はじめまして、城宝薫です。私は現在、立教大学経済学部に通う大学4年生です。そしてテーブルクロスを起業して経営者もしています。テーブルクロスは「利益の創造と社会への貢献を同時に実現する文化を創りたい」との思いで立ち上げ、飲食店予約アプリサービスを展開しています。
これは従来のサービスが固定化した高コストの広告モデルであったのに対し、一人の予約に対してのみ広告費用が発生する「成果報酬型」をはじめて導入したものです。そして、1人が予約をすると1名分の途上国の子どもの学校給食が支援されます。こうした利益と社会貢献の両立を目指す活動はCSV(Creating Shared Value:共通価値の創造)と呼ばれています。

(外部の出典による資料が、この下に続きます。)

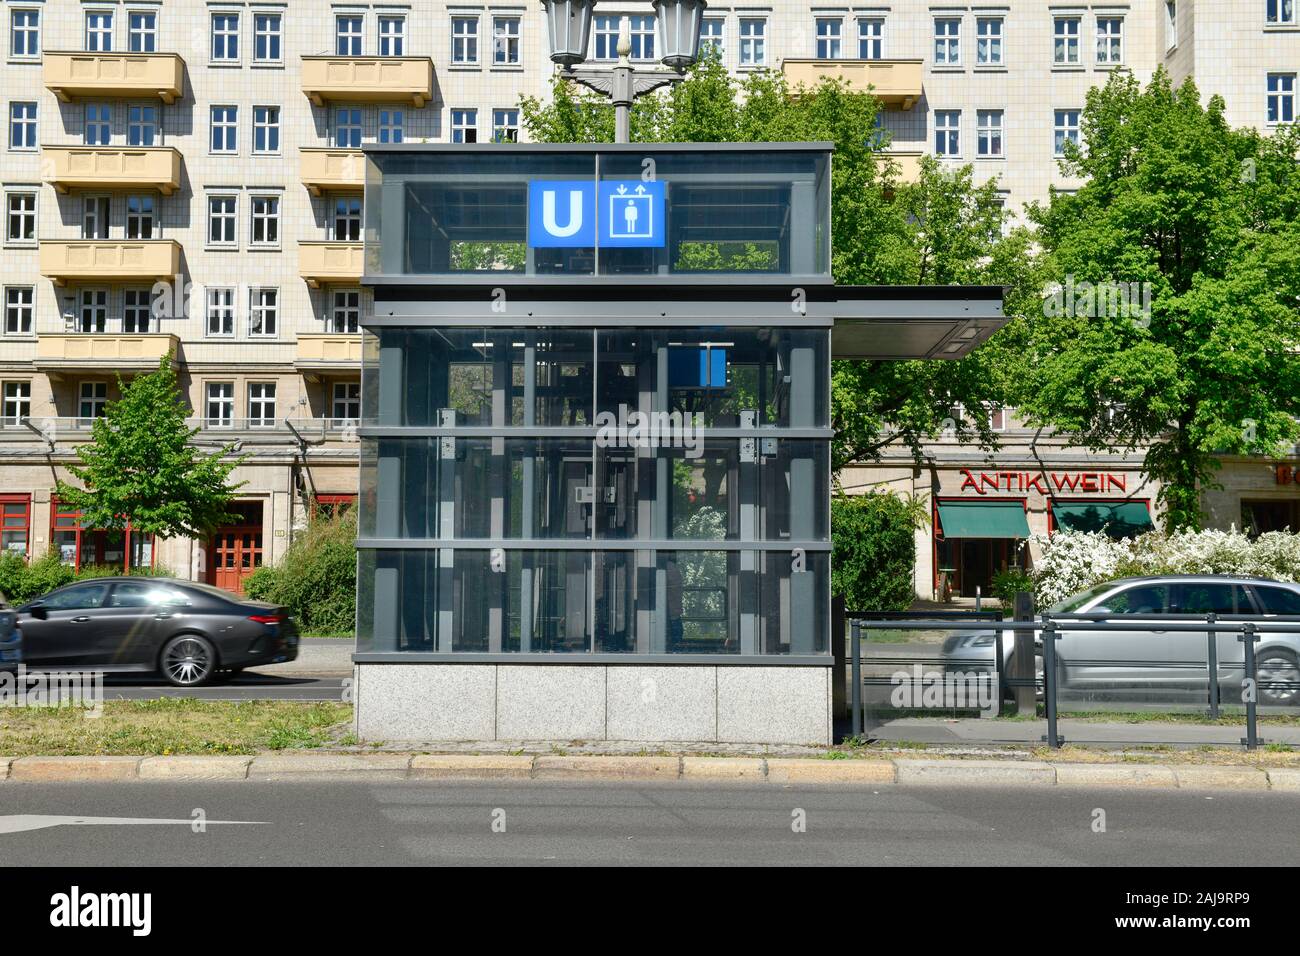 U-Bahn Aufzug, la Karl-Marx-Allee, Friedrichshain, Berlin, Deutschland Banque D'Images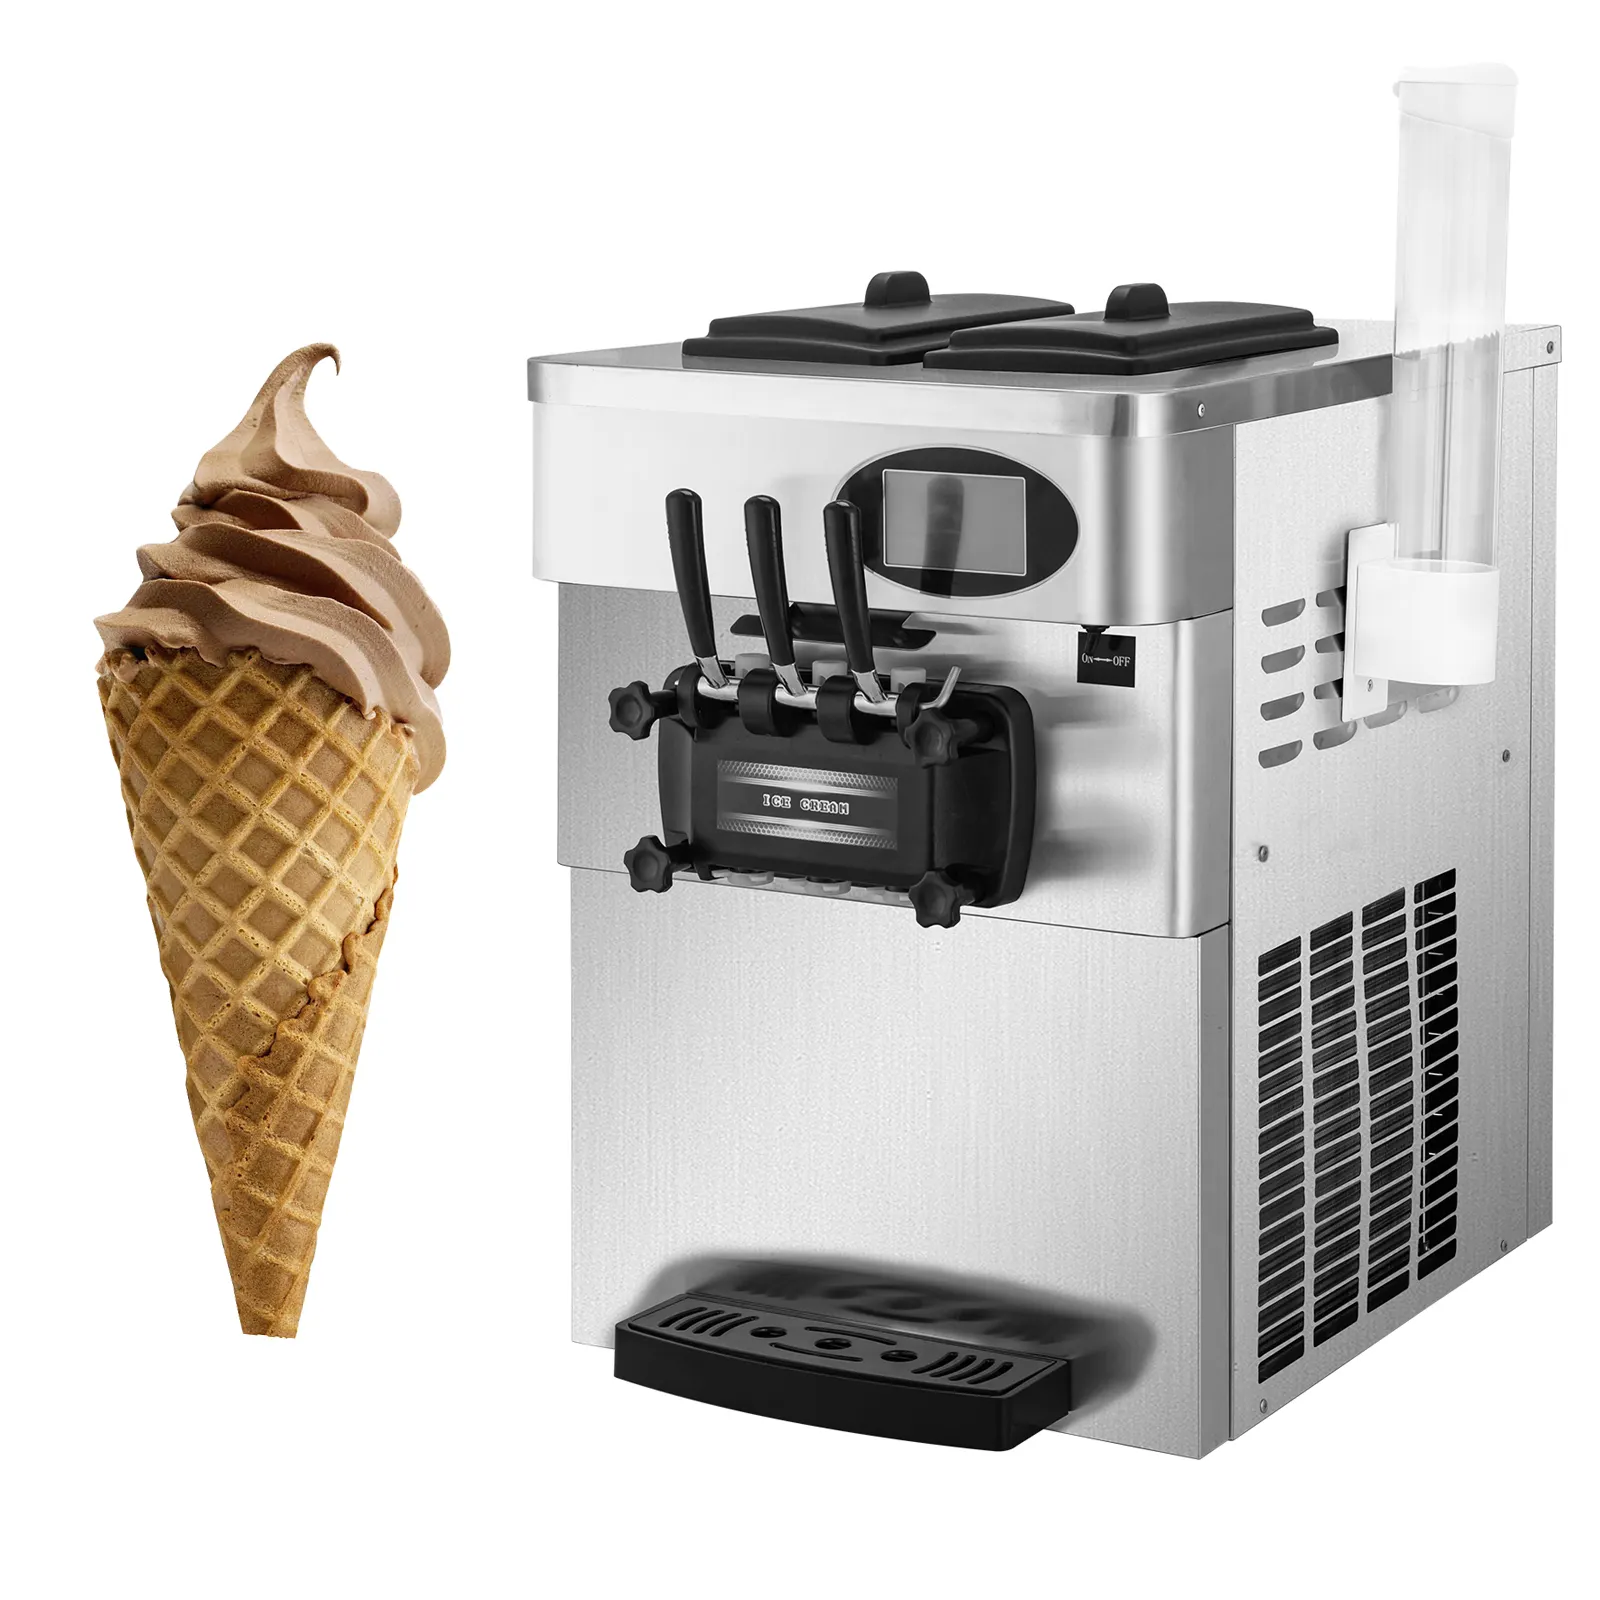 Top macchina per fare il ghiaccio soft ice cream macchina per la vendita

私の起業は日が浅く、こうした事業への想いはあっても、まだまだ手探り状態です。そしてCSVはこの日本ではまだあまり知られていません。そこで、既にCSVに取組んでいる企業の皆さまにインタビューをさせて頂き、企業のお考えや取組みを紹介することでこの活動を日本に広めたいと思っています。連載は私が大学生である2016年3月まで行う予定です。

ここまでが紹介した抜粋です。